First, we explored the expression level of ir-lncRNAs between
non-responder ESCC patients and responder ESCC patients to investigate
the potential mechanism of radioresistance in ESCC after
chemoradiotherapy. We first screened 26 differentially expressed
ir-lncRNAs from the [152]GEO45670 dataset. The differential expression
of these lncRNAs indicates that ir-lncRNAs had played an important role
in the radioresistance of ESCC. Second, previous studies have shown
that lncRNAs achieve biological functions through a variety of target
genes, which may involve immune-related genes ([153]Wang Y. et al.,
2021). Therefore, we further explored the differential expression of
immune genes, which were not only differentially expressed in
esophageal cancer tissues with different response characteristics of
radiotherapy, but also correlated with the expression of immune
lncRNAs, and thus could be considered as target genes of ir-lncRNAs.
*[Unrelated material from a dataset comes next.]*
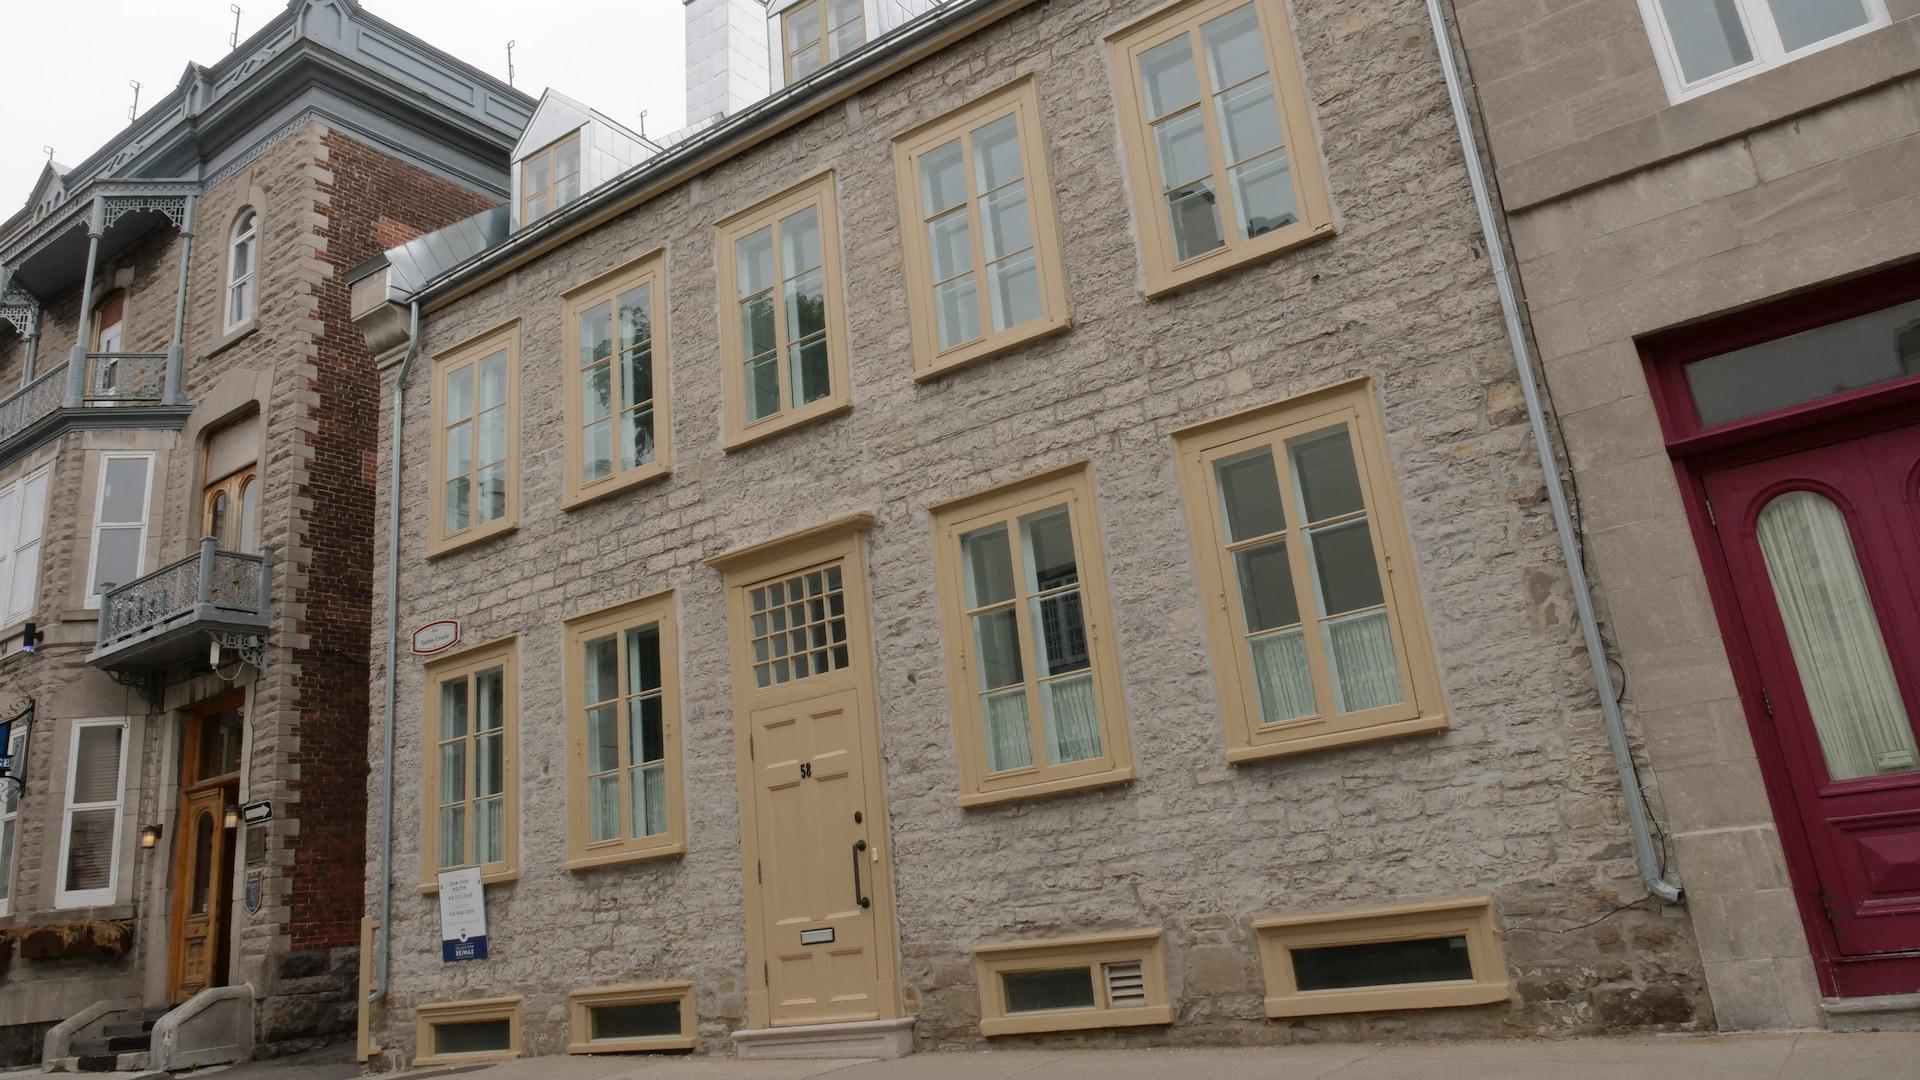 Une maison au toit de tôle à deux versants donne directement sur la rue. La porte rehaussée donne directement sur l'escalier à l'intérieur, elle est parfaitement alignée avec les fenêtres du rez-de-chaussée.

Third, differential co-expression analyses were performed to classify
ir-lncRNAs and immune genes, and the prognostic performance of
ir-lncRNAs were validated via single-pairing approach along with a 0 or
1 matrix by cyclical calculation. Fourth, we performed univariate
analysis combined with Lasso penalized regression to identify the
significant irlncRNA pairs. Next, multivariate regression was used to
identify ir-lncRNAs with independent effects. Fifth, the best model was
set up by calculating AUC value with ROC, where the best cut-off point
was applied to distinguish high- or low-risk groups of EPC patients.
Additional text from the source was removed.